_Stored data_:
=-=-=-=-=

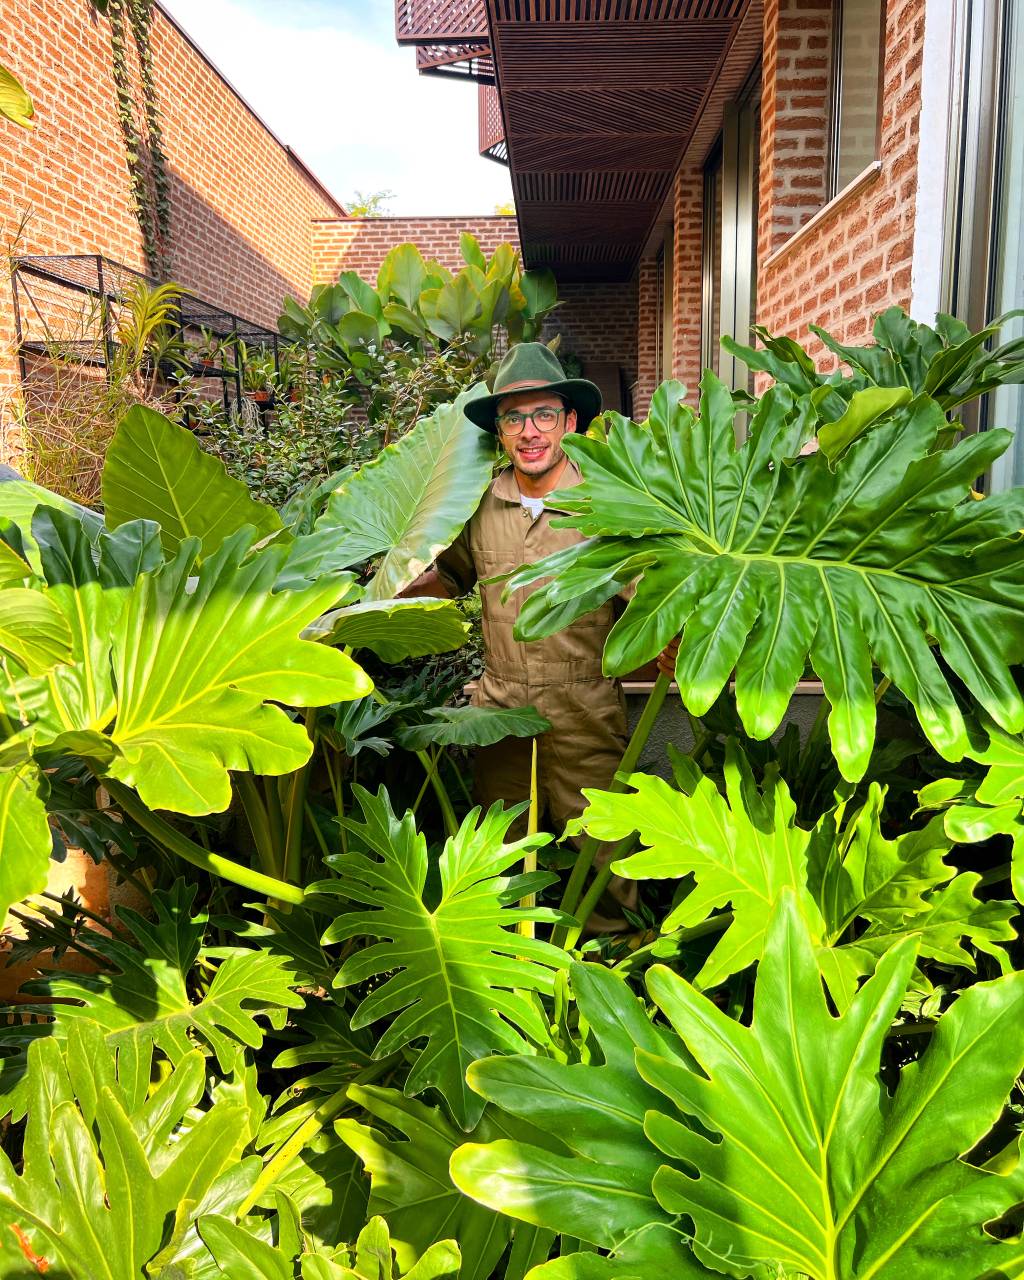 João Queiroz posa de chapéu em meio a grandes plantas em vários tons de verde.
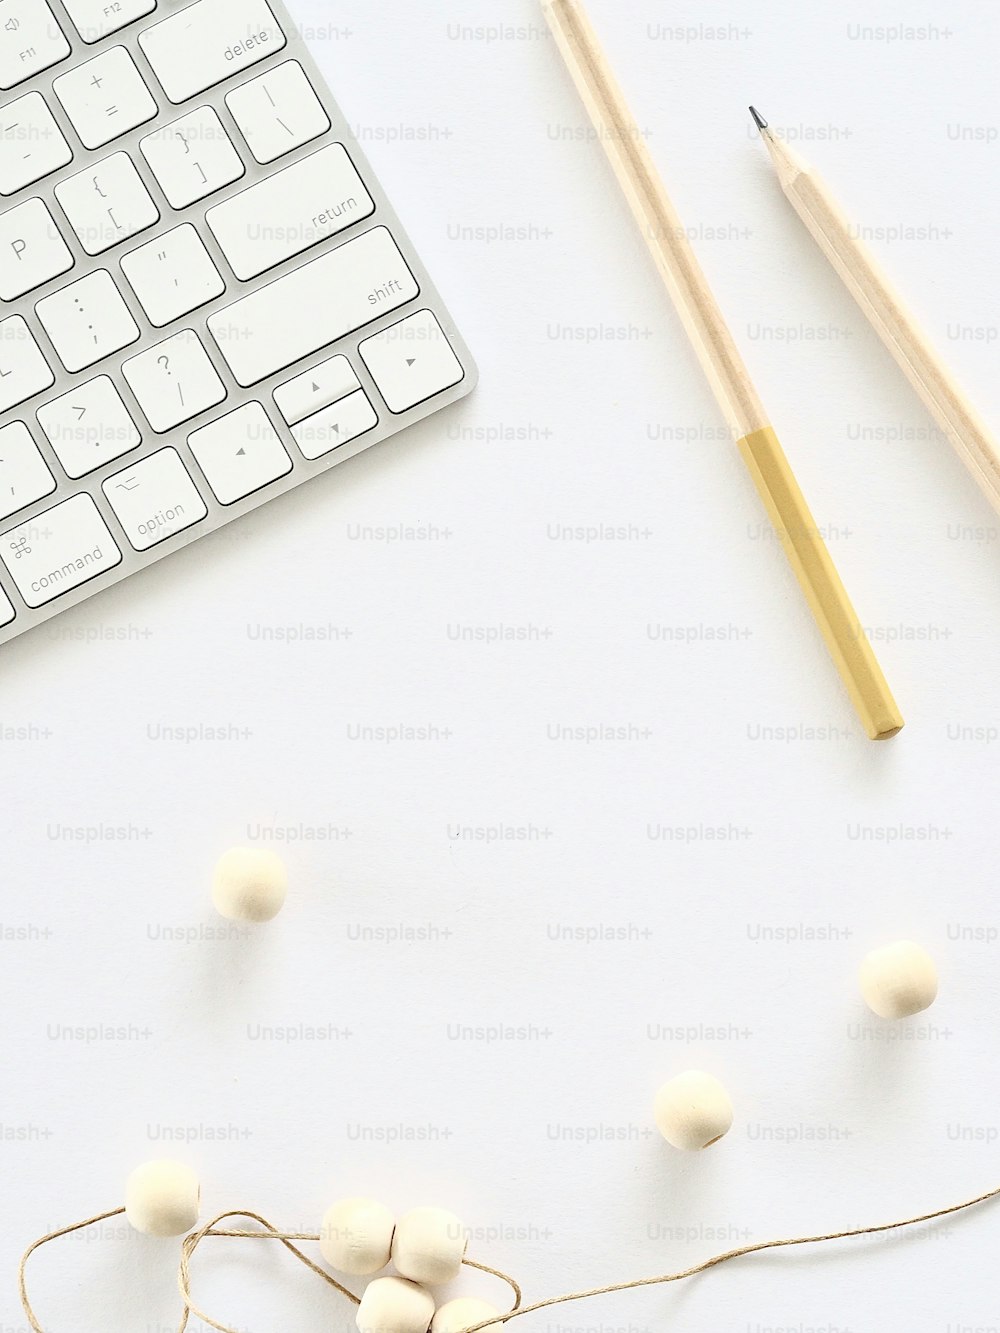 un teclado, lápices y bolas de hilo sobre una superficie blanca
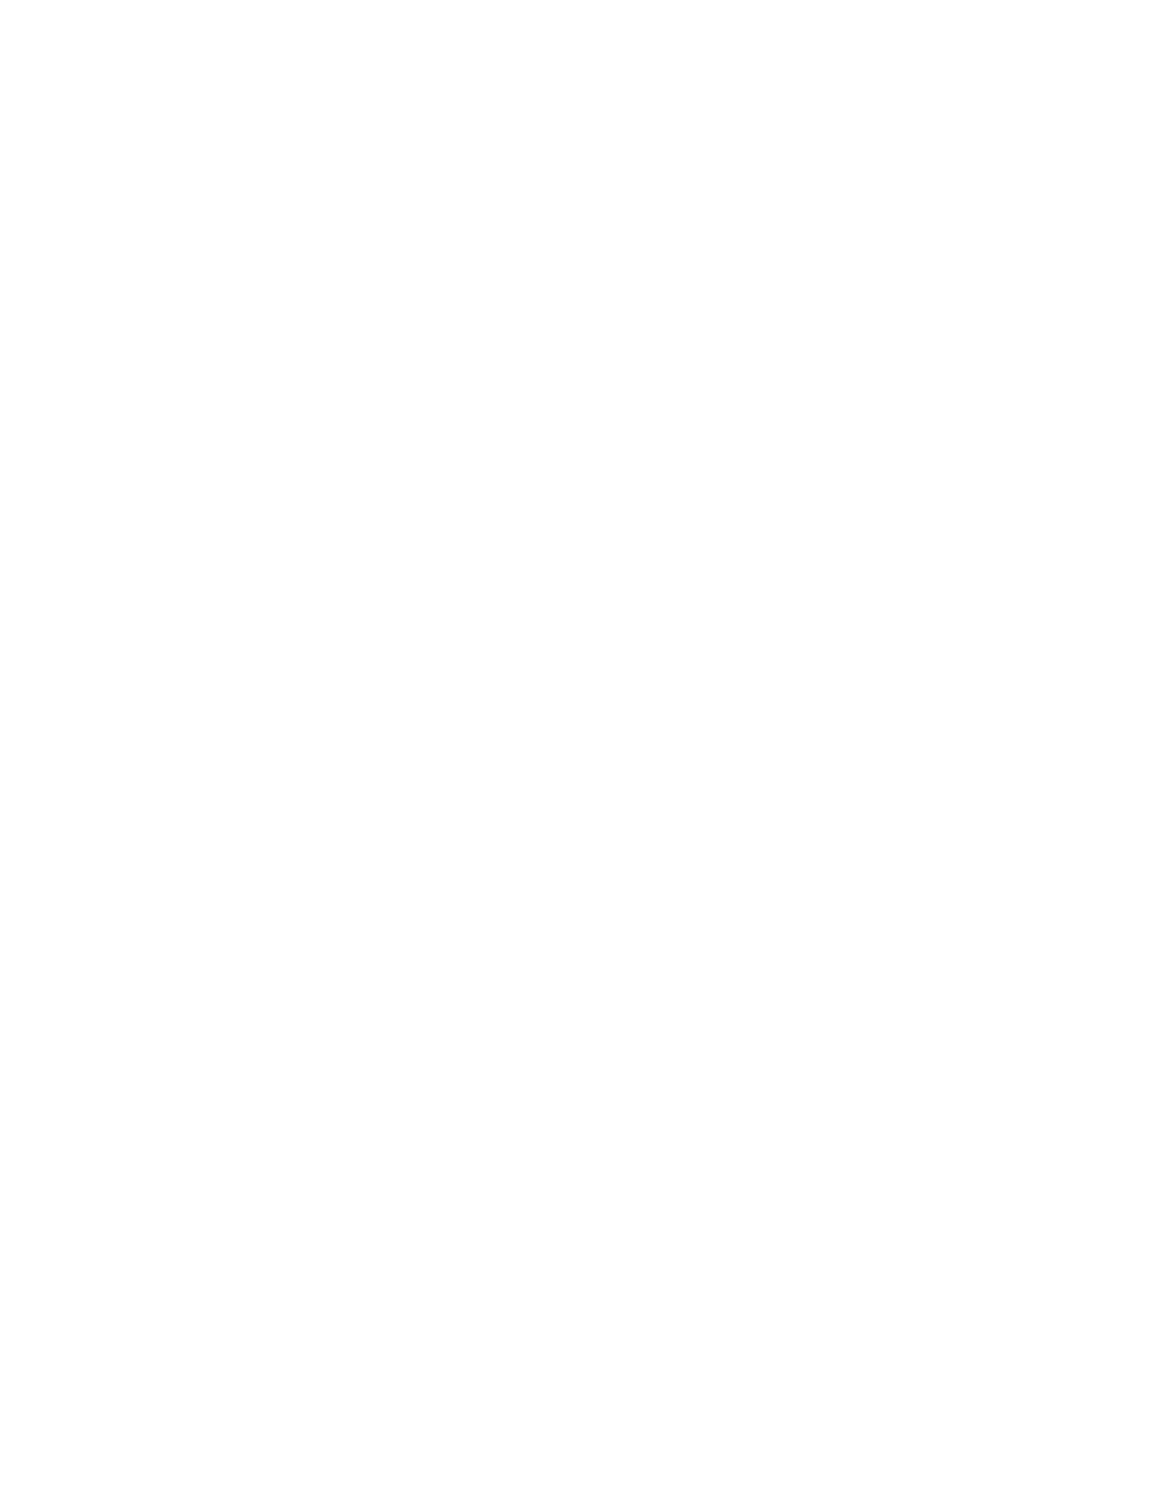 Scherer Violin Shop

=-=-=-=-=

_Instructions for the task_:
From the line that contains "un teclado, lápices" through the last line of the listing, copy each line exactly; both end lines stay in, and pictures stay out.

_Response area_:
 un teclado, lápices y bolas de hilo sobre una superficie blanca
 Scherer Violin Shop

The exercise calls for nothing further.